Section 1997e(a) does not impose a pleading requirement, but rather, is an affirmative defense under which Defendants have the burden of raising and proving the absence of exhaustion. 42 U.S.C. § 1997e(a); Jones v. Bock, 549 U.S. 199, 215-16 (2007); Wyatt v. Terhune, 315 F.3d 1108, 1119 (9th Cir. 2003). The failure to exhaust non-judicial administrative remedies that are not jurisdictional is subject to an unenumerated Rule 12(b) motion, rather than a summary judgment motion. Wyatt, 315 F.3d at 1119 (citing Ritza v. Int'l Longshoremen's & Warehousemen's Union, 837 F.2d 365, 368 (9th Cir. 1998) (per curium)). In deciding a motion to dismiss for failure to exhaust administrative remedies, the Court may look beyond the pleadings and decide disputed issues of fact. Wyatt, 315 F.3d at 1119-20. If the Court concludes that the prisoner has failed to exhaust administrative remedies, the proper remedy is dismissal without prejudice. Id.

2. Appeal # IAB 5086833/COR-03-3232

a. Parties' Positions

The Court looks to Defendants' motion, Plaintiff's opposition, Defendants' reply, and Plaintiff's verified complaint filed on March 20, 2007.*fn6 (Docs. 1, 20, 29, 31.)

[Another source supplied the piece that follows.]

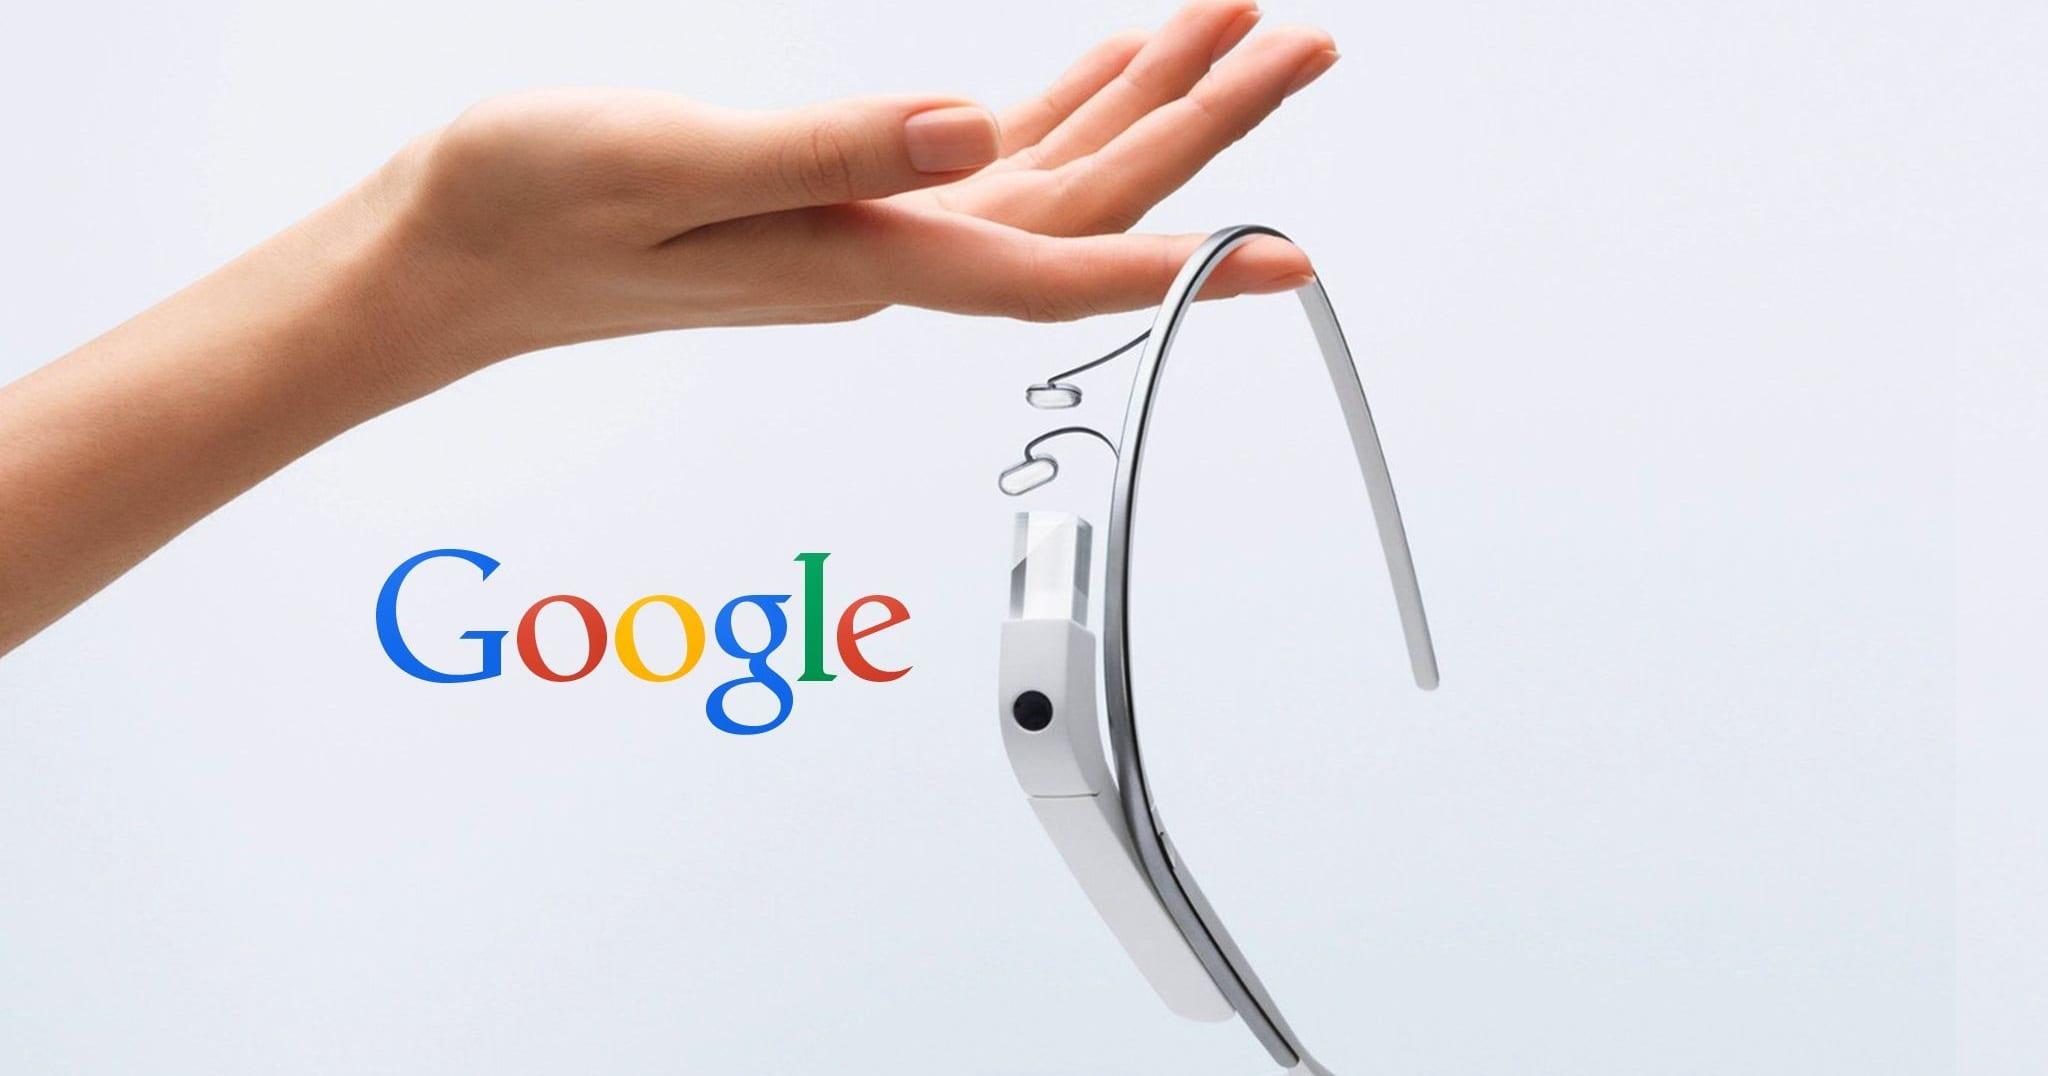 Google Glass is not dead : Job hiring spree at Google hints return of family of Google Glass v2.0

Defendants argue that Plaintiff's Appeal #IAB 5086833/COR-03-3232 ("Appeal #1") was never accepted and processed at the Director's Level, and therefore Plaintiff failed to exhaust his remedies as to his allegations in the complaint against Defendant Smith.

Defendants submit evidence that Plaintiff's Appeal #1, concerning Plaintiff's allegation that Dr. Smith's May 30, 2003 surgery was deficient, was received by the Inmate Appeals Branch ("IAB") office on December 29, 2003, for Director's Level review. (Grannis Decl. ¶7, Ex. A doc.1.) Appeal #1 had been granted at the Second Level of review -- Plaintiff received additional surgery as he requested -- but Plaintiff submitted it to the Director's Level for administrative review. (Cmp. at 2 ¶5; Grannis Decl., Ex. A doc.1.) Appeal #1 was screened out on December 29, 2003, for being submitted after the fifteen-day submission period, and Plaintiff was notified by letter dated January 18, 2004. (Grannis Decl. ¶7, Ex. A doc.1, Ex. B doc.5.)

Defendants also submit evidence that Plaintiff contested the decision that Appeal #1 was submitted late. On January 28, 2004, Plaintiff submitted a new 602 appeal form ("new appeal") to CSP, requesting documentation showing he had submitted Appeal #1 during the fifteen-day submission period. (Grannis Decl. ¶10, Ex. B docs.6, 7.)

On March 4, 2004, Plaintiff received a letter from Associate Warden D. Ortiz, acknowledging that Appeal #1 had been submitted during the 15-day submission period, stating that Plaintiff could use the letter as verification upon resubmitting Appeal #1. (Grannis Decl. ¶9, Ex. B doc.9.)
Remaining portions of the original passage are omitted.